Species of butterfly

Mycalesis mestra, the white-edged bushbrown, is a species of satyrine butterfly found in Asia (Assam, Burma, Sikkim, Bhutan)

==Description==
Upperside very dark Vandyke brown, the cilia conspicuously white, the transverse white discal band of the underside showing through on both forewing and hindwing, but very plainly on the latter. Forewing with a white-centred, fulvous-ringed, median, and a similar but much smaller subapical eyespot, the latter very often absent; broad but faint and ill-defined sub-terminal and terminal white lines. Hindwing: a subtornal ocellus (eyespot) similar to those on the forewing and much more conspicuous; subterminal and terminal whitish lines. Underside: ground colour similar; basal half of wings closely irrorated (sprinkled) with pale transverse stripe; a conspicuous white discal band, inwardly sharply defined, outwardly diffused, followed by series of ocelli similar to the ocelli on the upperside, a median and two subapical on the forewing, three subapical and three tornal on the hindwing: the number of these ocelli is variable, sometimes one or more additional ocelli are present, often one or more are lacking on the hindwing; finally, the subterminal and terminal white bands as on the upperside but better defined. Antenna, head, thorax and abdomen brown; antennae annulated (ringed) with white, ochraceous at apex. Male sex-mark in form 2.

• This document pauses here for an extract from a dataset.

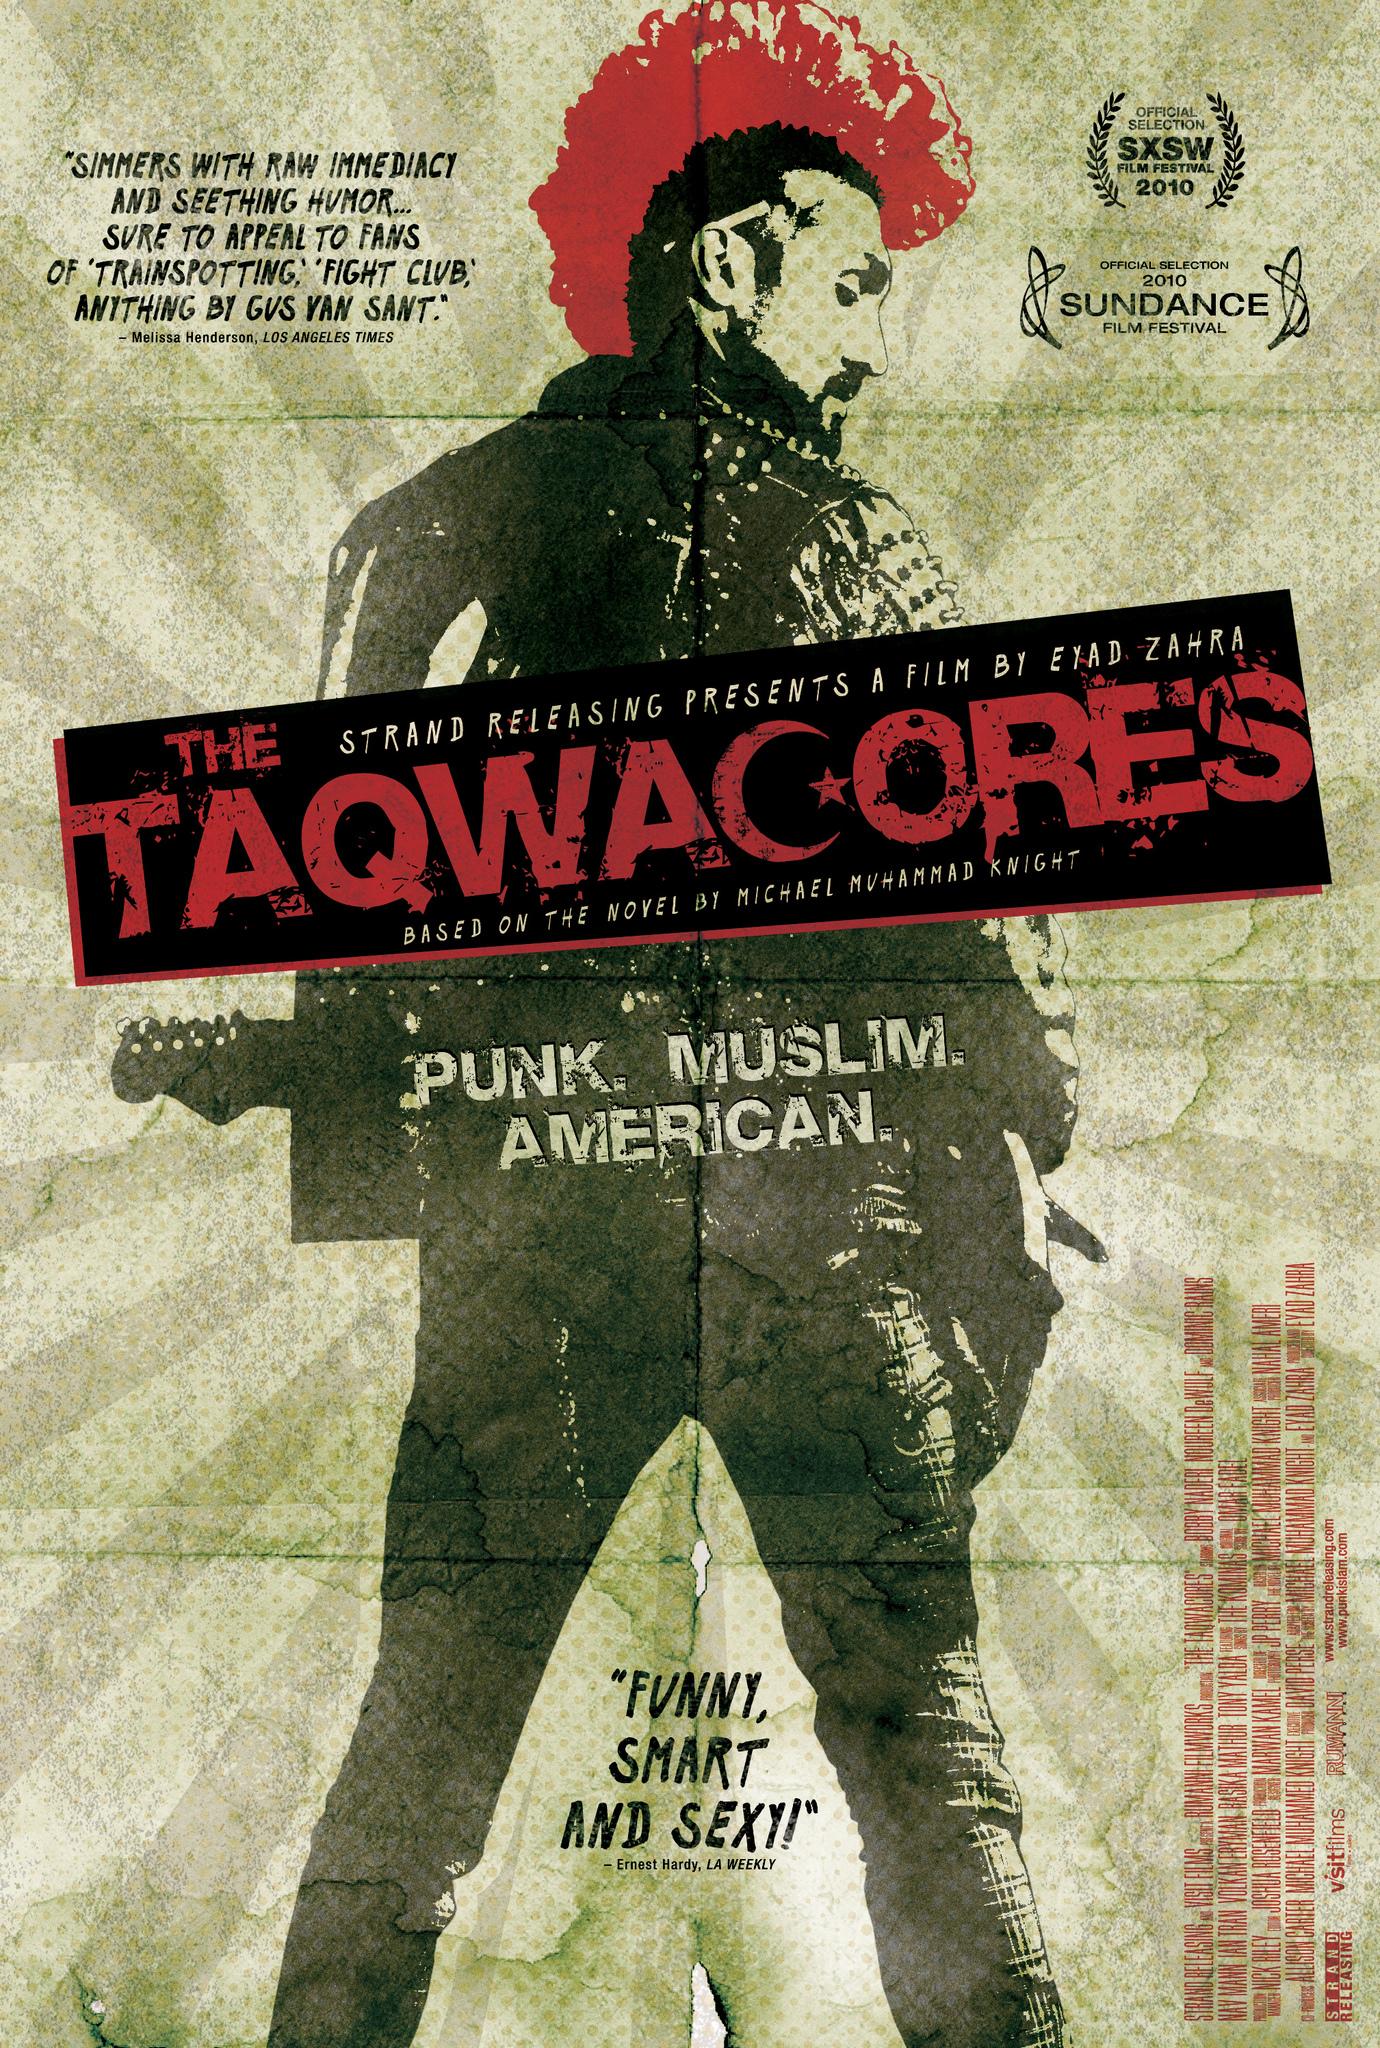 taqwacore documentary

Mycalesis suaveolens Wood-Mason & de Nicéville, 1883 resembles M. mestra, but differs constantly as follows: Upperside ground colour a brighter, more ruddy brown; cilia white tinged with ochraceous; the discal, subterminal and terminal bands on the underside showing through much more faintly than in M. mestra; the number of ocelli very variable. Underside: basal area uniform, with no trace of the pale transverse striae; white discal band narrower, subterminal and terminal bands brownish white.